Similarly, the lunatic Clinton-baiting financed by Scaife et al. convinced some people that, for example, Bill Clinton had arranged to have Vince Foster murdered, but it also convinced more sensible people that sensational charges against Presidents are likely to be lies concocted by their enemies. Then when President Bush’s closest political adviser coordinates the outing of a covert CIA officer, it’s hard to get anyone to believe “crazy conspiracy theories.” Rather beautiful, really.
We now return you to our regularly sponsored madness.
Update: It’s not just NewsMax. Tony Snow of Faux News is on the case as well.
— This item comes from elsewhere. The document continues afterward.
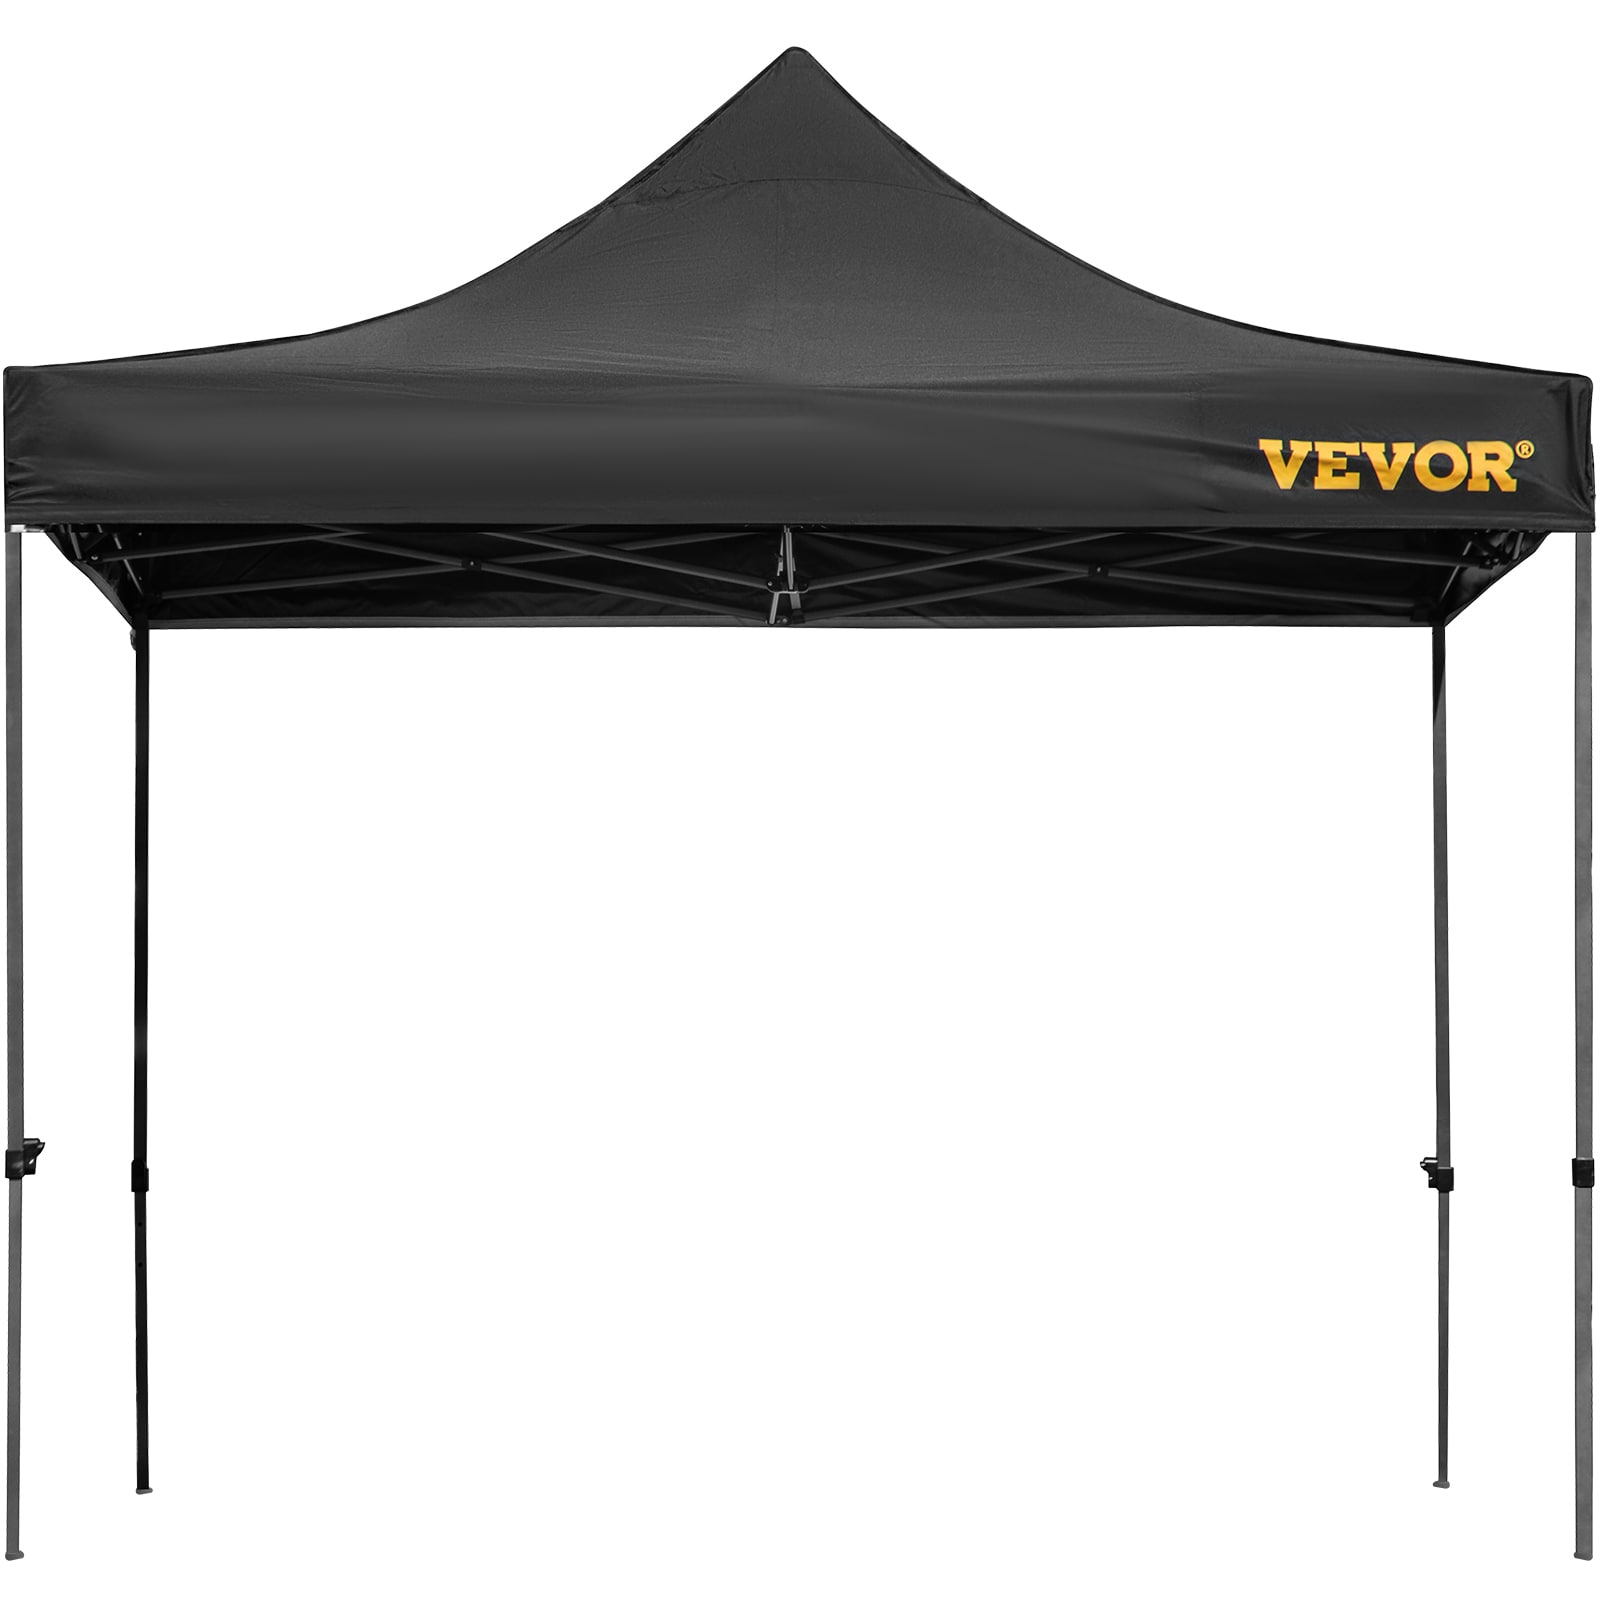 VEVOR Pop Up Canopy Tent, 10 x 10 ft, Outdoor Patio Gazebo Tent with Removable Sidewalls and Wheeled Bag, UV Resistant Waterproof Instant Gazebo
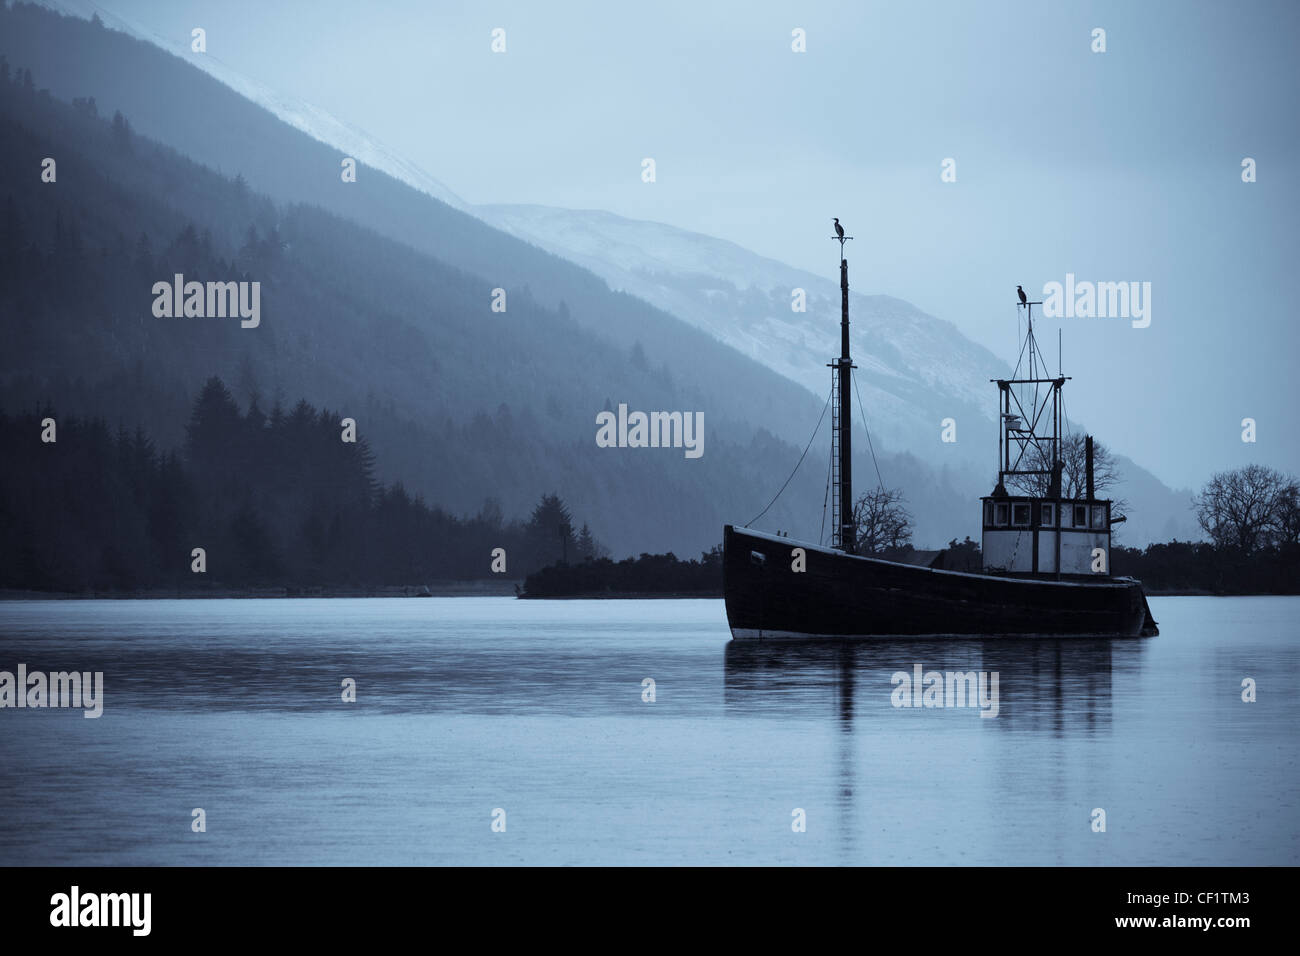 An old trawler rests on Loch Lochy and two cormorants take advantage of the excellent look out points to search for food. Stock Photo

Updated update John Cole at Balloon Juice adds his bit of hot air.
Second update: Tbogg nails this one.
Third update: Jacob Levy writes:
“Troglodyte” was the official Buckley-National-Review term for the anti-Semitic, anti-Catholic, anti-intellectual isolationist right, back when they were fighting that fight in the 50s. (Retroactively it gets
applied to racists as well, though NR in the 50s clearly wasn’t distancing itself from racism.)
Again, I’m not defending the practice of associating one’s political opponents with cave-men. But to try to make a racial issue of it is just dishonest.